🤖 AI Summary
The ubiquitous avalanche-like dynamics observed in deep neural networks (DNNs) lack a mechanistic explanation.
Method: We develop a stochastic theory of deep information propagation grounded in central-limit-theorem–scale fluctuations, identifying four dimensionless coupling parameters that fully determine the universality class of network dynamics. By tuning these parameters, the system undergoes a continuous transition between logarithmic-potential-well Brownian motion and absorbing free Brownian motion—corresponding to distinct critical phase transitions.

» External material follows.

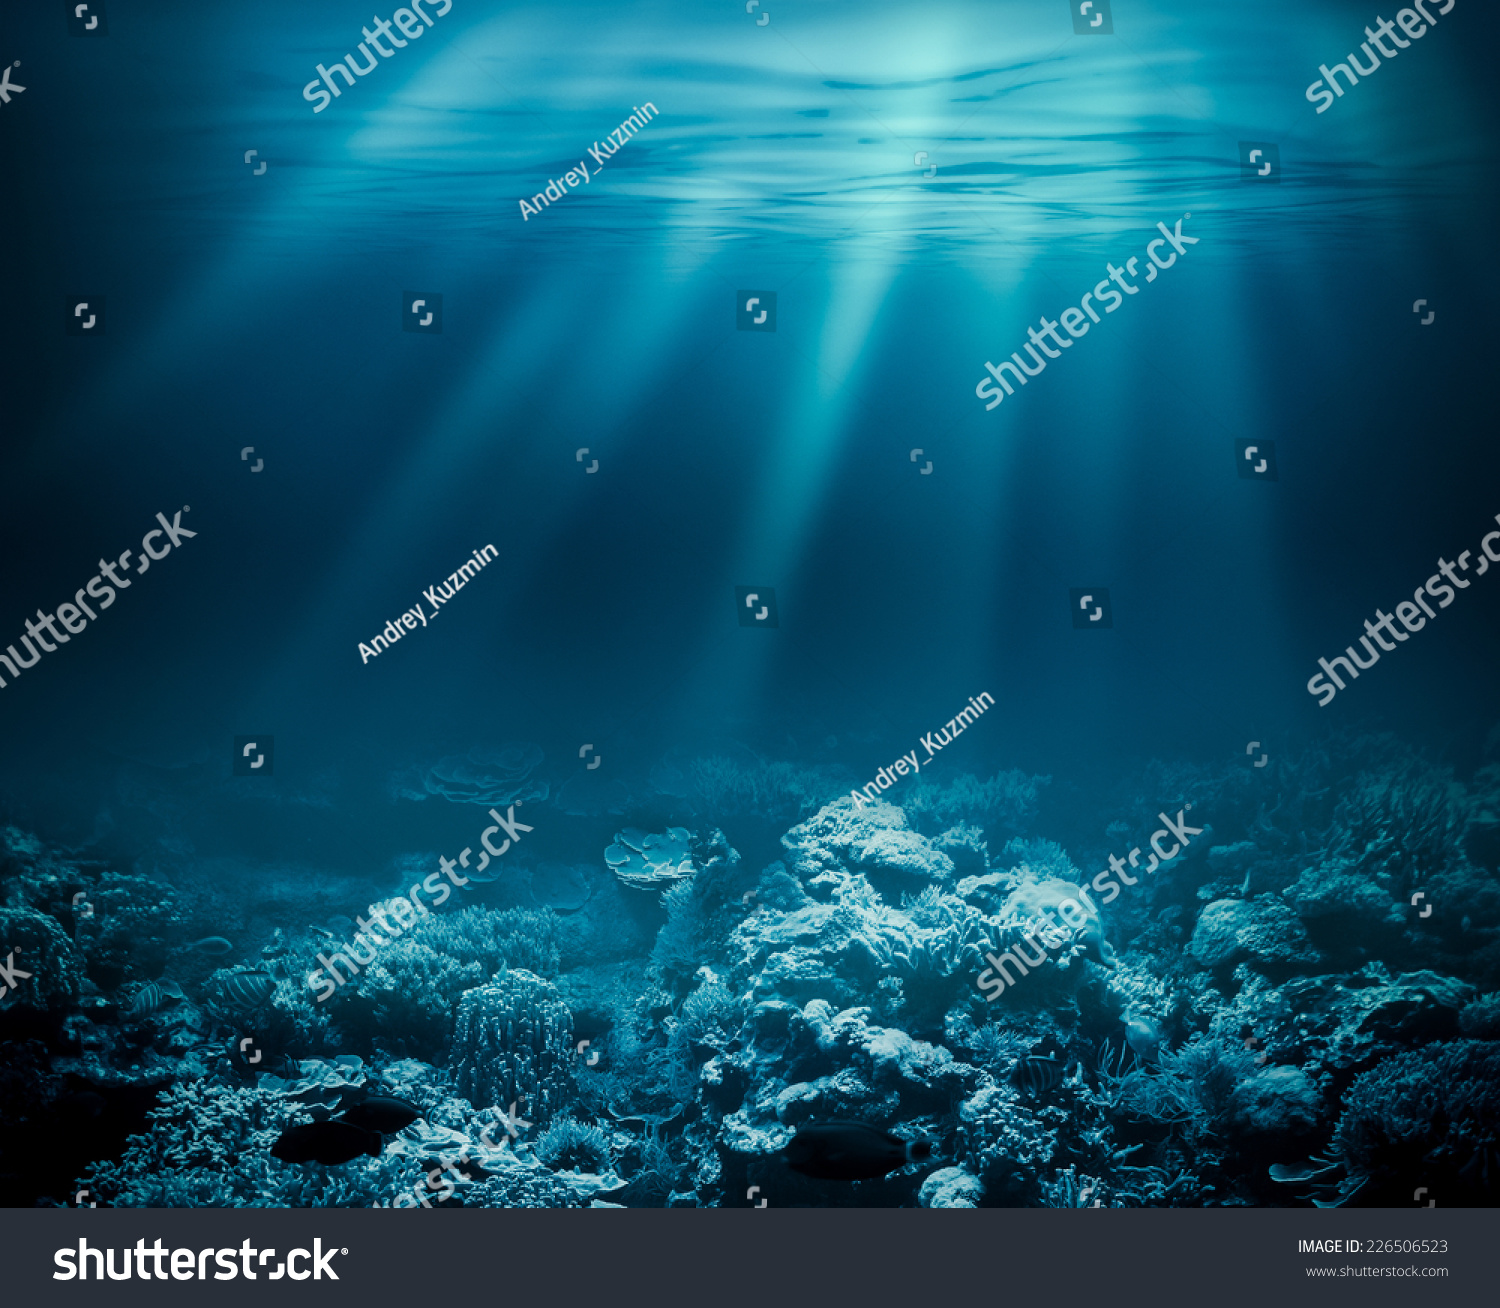 microsoft powerpoint themes free download deep sea

Integrating stochastic analysis, Landau’s phase-transition theory, and directed percolation models, we establish a unified framework linking static critical exponents to active cascade dynamics.

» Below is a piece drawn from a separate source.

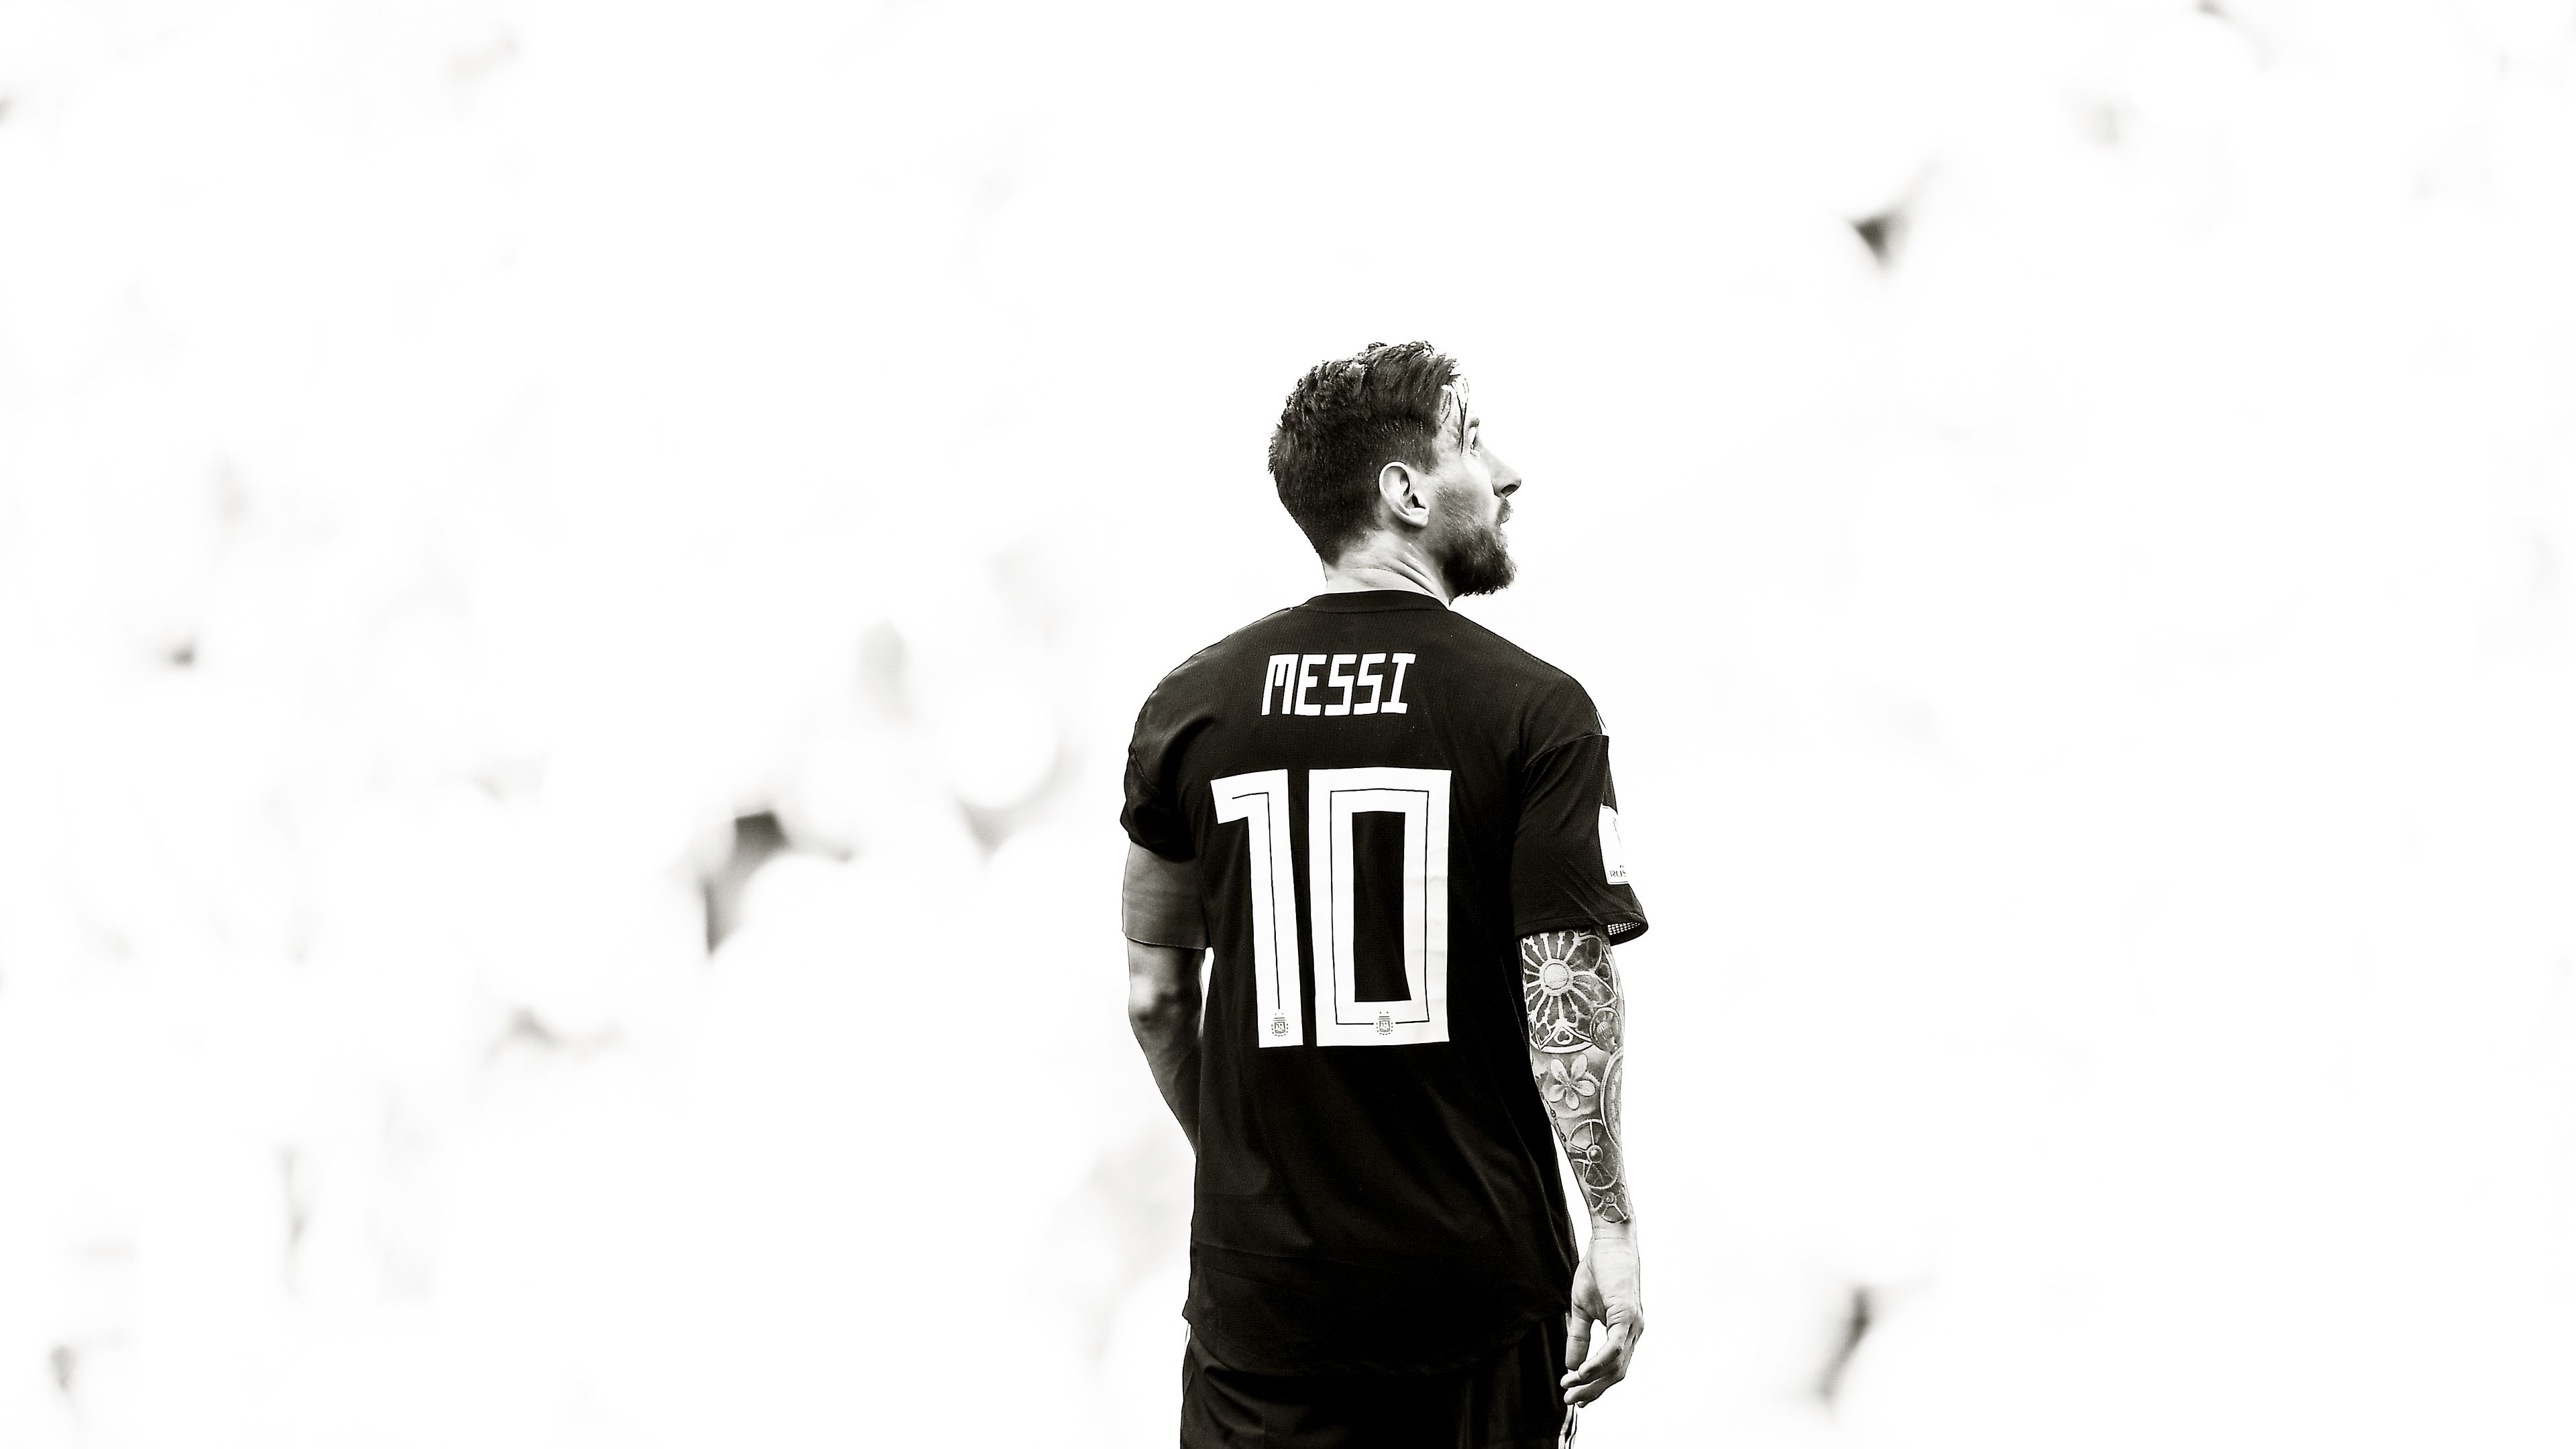 Wallpapers 4k Lionel Messi Monochrome Wallpapers

Results: Numerical simulations confirm that activation function design precisely controls both the type of dynamical phase transition and avalanche statistics—including power-law exponents—thereby providing, for the first time, a first-principles derivation of the universal origin of collective critical behavior in DNNs.
📝 Abstract
Deep neural networks (DNNs) exhibit crackling-like avalanches whose origin lacks a mechanistic explanation. Here, I derive a stochastic theory of deep information propagation (DIP) by incorporating Central Limit Theorem (CLT)-level fluctuations. Four effective couplings $(r, h, D_1, D_2)$ characterize the dynamics, yielding a Landau description of the static exponents and a Directed Percolation (DP) structure of activity cascades. Tuning the couplings selects between avalanche dynamics generated by a Brownian Motion (BM) in a logarithmic trap and an absorbed free BM, each corresponding to a distinct universality classes. Numerical simulations confirm the theory and demonstrate that activation function design controls the collective dynamics in random DNNs.